Il importe de noter que Zaki a continué sa formation au sein du Collège tout au long du processus d’appel et pourra vraisemblablement graduer en 2022 comme prévu.

Que doit-on retenir?

Pour l’étudiant, il est important de comprendre que ce qui est publié sur notre page Facebook personnelle peut entraîner un processus disciplinaire au niveau académique et avoir un effet néfaste sur notre cheminement professionnel. Alors qu’il peut sembler que les réseaux sociaux sont des canaux entièrement séparés et distincts du milieu académique, si la communauté universitaire a accès à ces réseaux, on peut s’attendre qu’il existe un lien étroit entre les actions de l’étudiant sur Facebook et l’université, et cette dernière pourra actionner toutes inconduites de la part de sa population sur ses divers canaux.

Du point de vue de l’université, on ne peut jamais perdre de vue l’importance de demeurer impartiale tout au long du processus disciplinaire et de s’ assurer qu’il n’existe pas de chevauchement de rôles chez les personnes responsable de rendre la décision.

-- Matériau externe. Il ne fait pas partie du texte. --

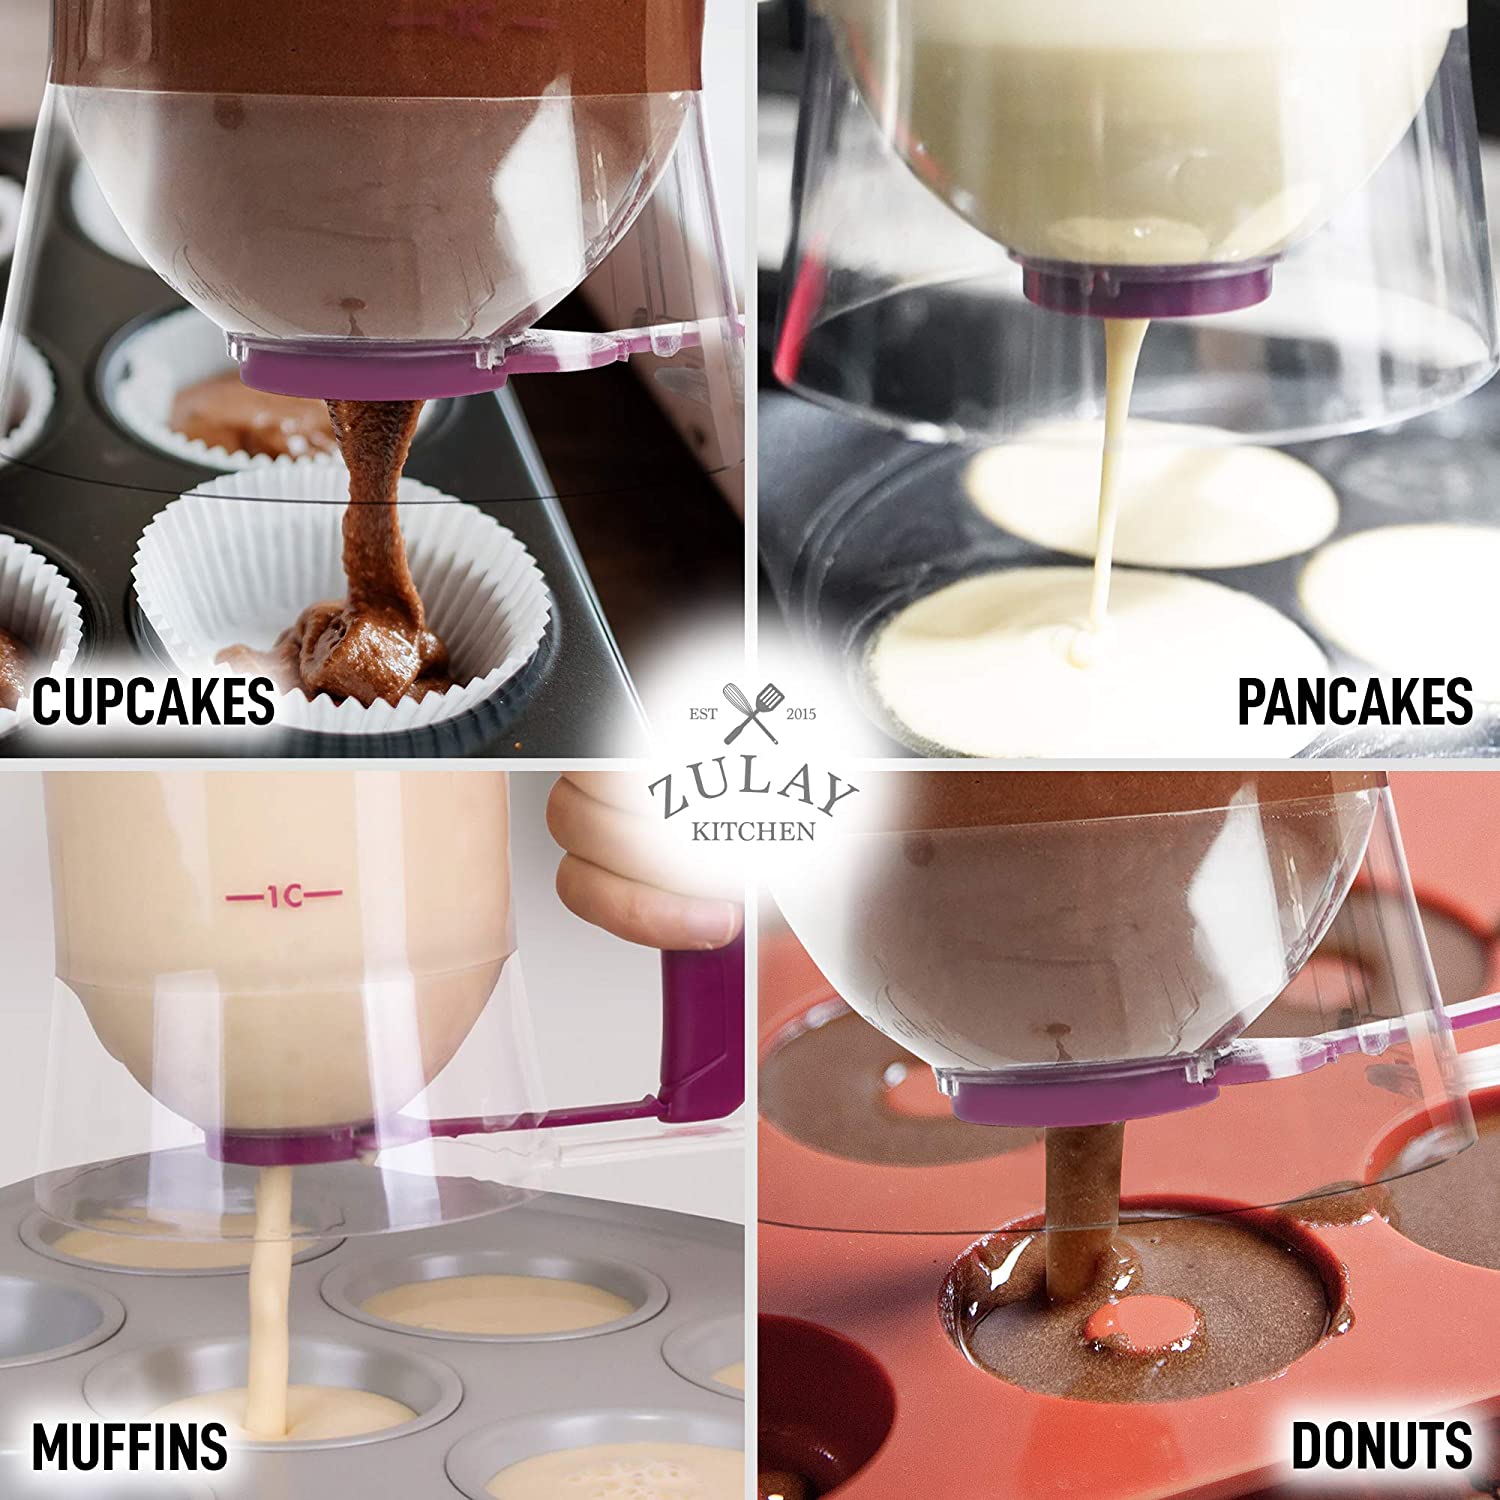 Pancake Batter Dispenser - 4 Cup - Zulay KitchenZulay Kitchen

Si cela ne peut être évité, comme semble être le cas dans Zaki, le tribunal administratif doit s’assurer de bien adresser la crainte raisonnable de partialité dans sa décision écrite pour justifier sa conclusion, d’une part, et éviter que la décision rendue soit considérée biaisée, injuste ou déraisonnable.

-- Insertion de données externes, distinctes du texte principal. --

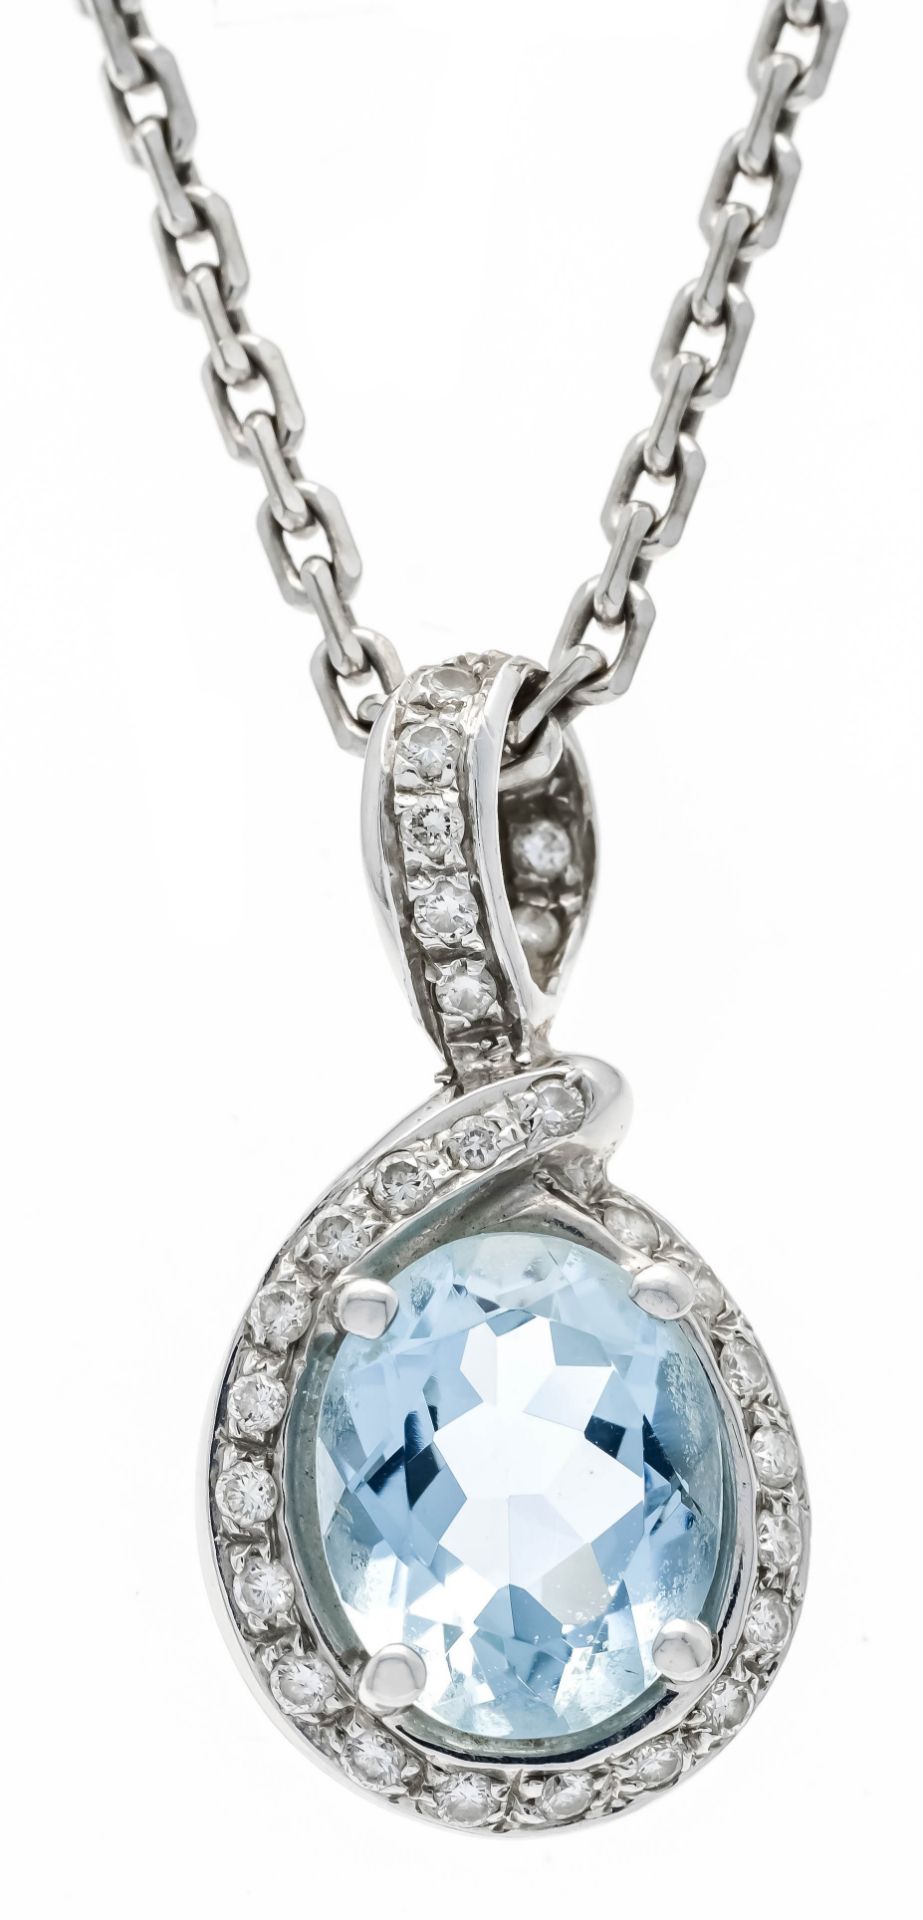 Aquamarine-brilliant pendant WG 750/000 3.6 g, with an oval faceted aquamarine 10.0 x 8.0 mm light

Finalement, il importe pour l’institution postsecondaire de comprendre les lois qui ont mené à sa création et la relation qui existe entre elle et le gouvernement. Il est clair en lisant la décision de Zaki que même si une université est une entité distincte du gouvernement, certaines procédures administratives internes découlant de politiques gouvernementales peuvent faire en sorte que l’université devient un agent du gouvernement et est assujetti aux mêmes obligations, dont la reconnaissance des droits d’un étudiant sous la Charte. Cela peut varier de province en province et devra être considéré cas par cas.